Le modèle «J » de la firme japonaise, sur la description duquel nous
reviendrons plus longuement, possède des caractéristiques diamétralement
opposées : entre les unités opérationnelles, la coordination est horizontale
et non verticale; «les plans établis par "en haut" ne constituent qu'un
cadre indicatif, le rôle majeur étant dévolu au partage des informations
"ex post" obtenues sur place».
Avant de poursuivre la présentation de ces «idéaux-types», on peut
regretter leur appellation susceptible de conduire à une erreur d'interprétation
en laissant sous-entendre des présupposés de type culturaliste qui sont
totalement absents de l'approche d'Aoki. Ces modèles contrastés, stylisés à
partir d'observations d'entreprises appartenant aux mêmes secteurs
industriels aux Etats-Unis et au Japon, doivent très peu sinon rien aux « vertus »

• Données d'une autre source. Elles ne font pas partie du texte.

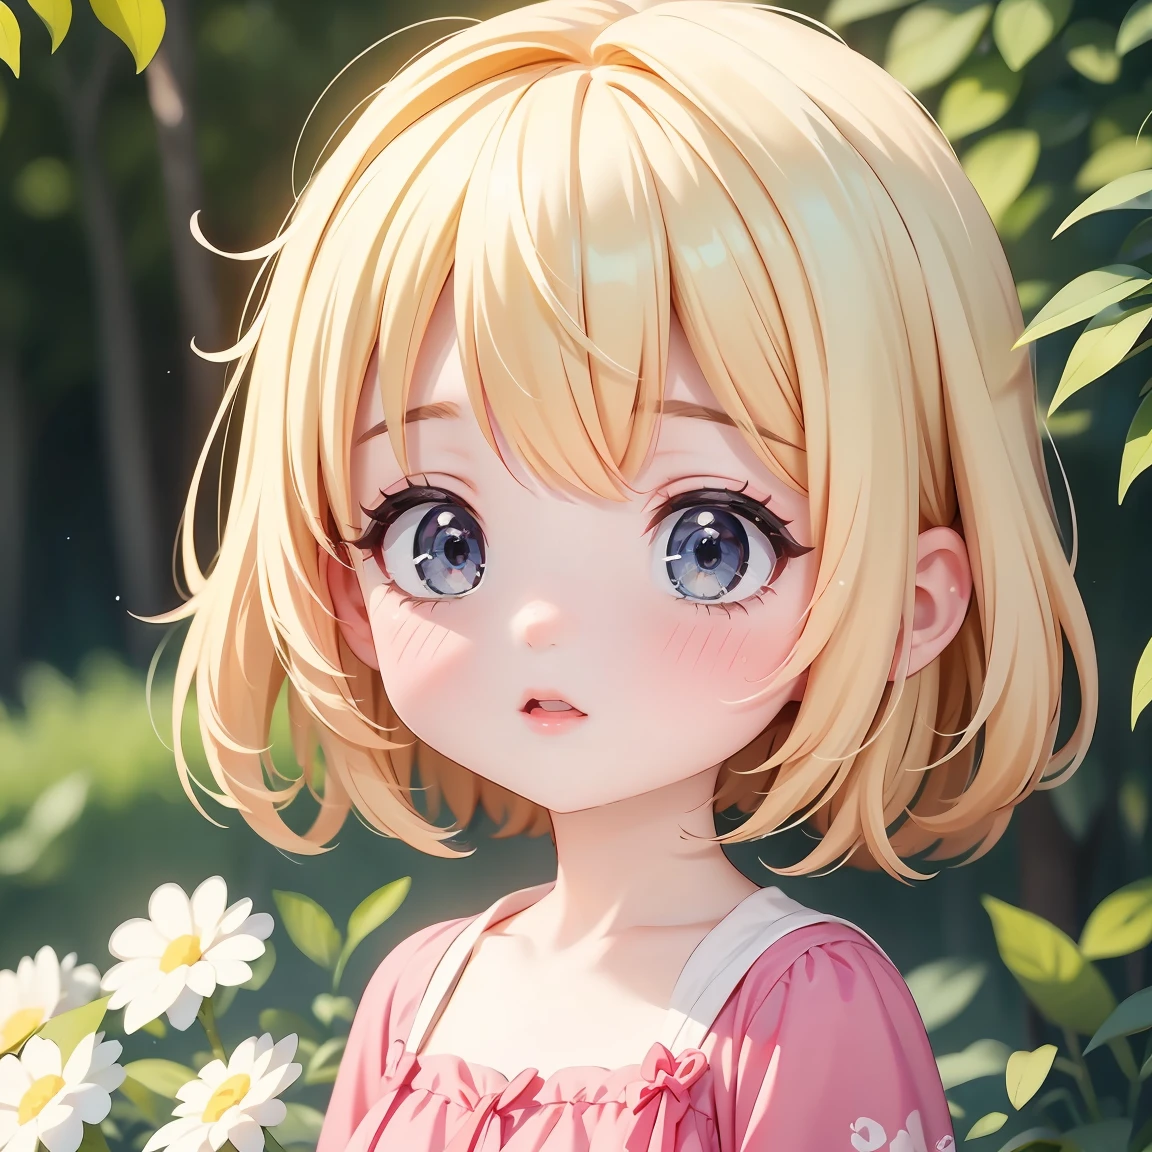  Chibi-Charakter：1.5、Blondes Haar、Süßes 7-jähriges Mädchen

différentes des salariés des deux pays ou même à quelques faits de
tradition. Tout au plus trouve-t-on chez Aoki des références au contexte
societal (2). Son propos consiste au contraire à démontrer que ces deux modèles
contrastés reposent sur des choix organisationnels volontaires et que ces
modèles ne présentent pas les mêmes performances face à un
environnement identique : « Si le contexte est plutôt stable (du point de vue de
l'évolution des marchés, du progrès des procédés techniques, des
possibilités de développement des produits), l'expérience acquise au niveau
opérationnel ne peut que constituer une source très marginale de correction
des plans conçus "en haut" et il peut être alors préférable de renoncer aux
avantages de la stricte spécialisation organisationnelle. Si l'environnement
est au contraire extrêmement variable et incertain, un mode d'adaptation
au changement décentralisé peut produire des résultats fortement instables.
Dans les deux cas, le modèle "A" se révélerait sans doute plus approprié.

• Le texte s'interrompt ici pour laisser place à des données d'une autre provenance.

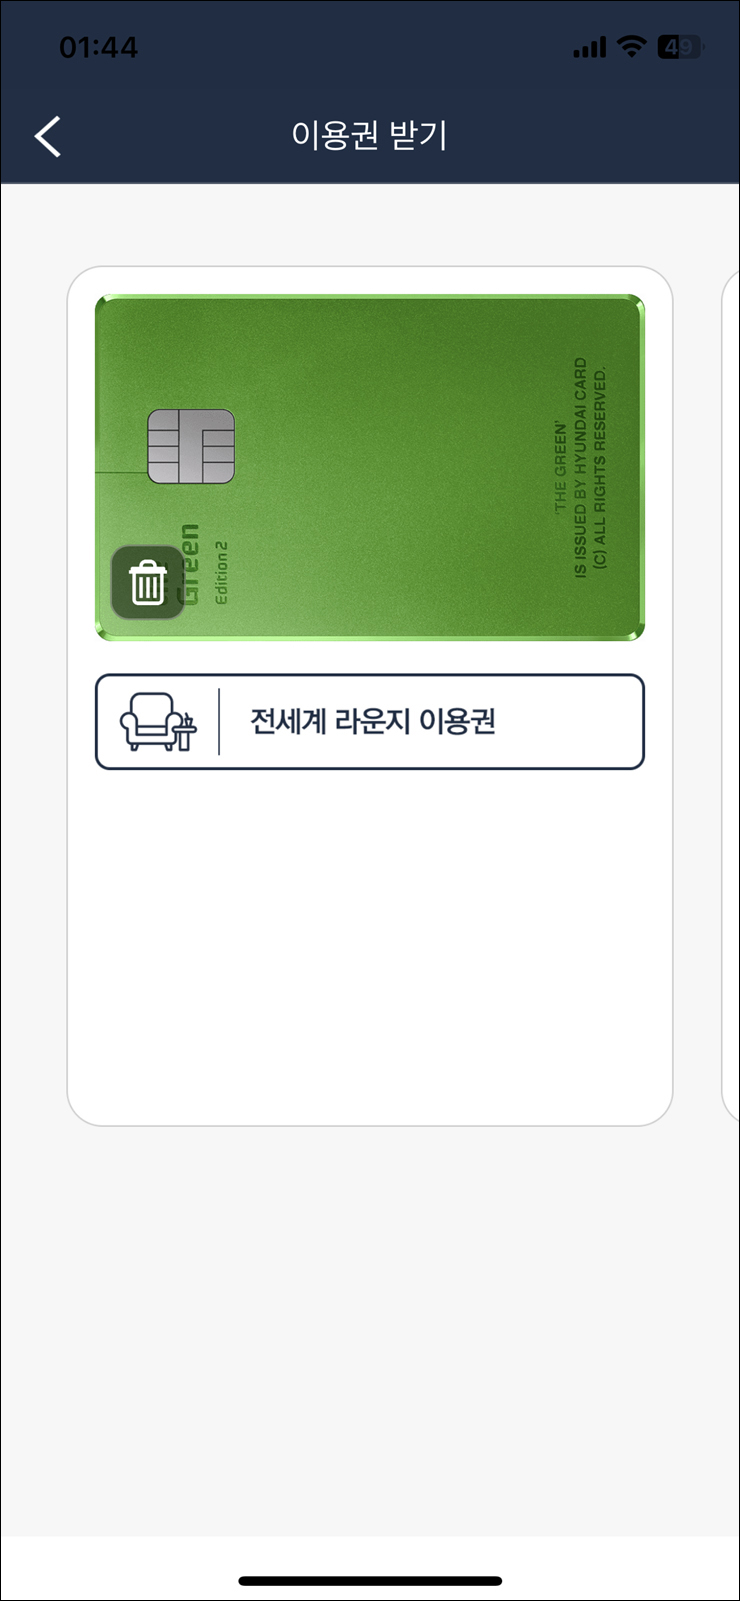 인천공항 출국 인천공항 라운지 카드 마티나라운지 이용권 가격 위치 시간

Dans la situation intermédiaire, l'environnement externe change
constamment mais pas trop rapidement, c'est le modèle "J" qui s'avérerait
supérieur».
Nous reviendrons ultérieurement sur cette analyse qui postule des
capacités différentes d'adaptation des deux modèles selon la nature de leur
environnement, hypothèse dont la démonstration soulève bien des
questions. Ce qui nous paraît être, et de loin, le plus intéressant dans l'approche
réside dans l'effort de théorisation et non plus seulement de description
du modèle coopératif d'organisation de l'entreprise.

(2) Voir à ce propos le débat entre P. d'Iribarne (1991) et M. Maurice, F. Sellier et J.-J.
Silvestře (1992) dans la Revue française de sociologie.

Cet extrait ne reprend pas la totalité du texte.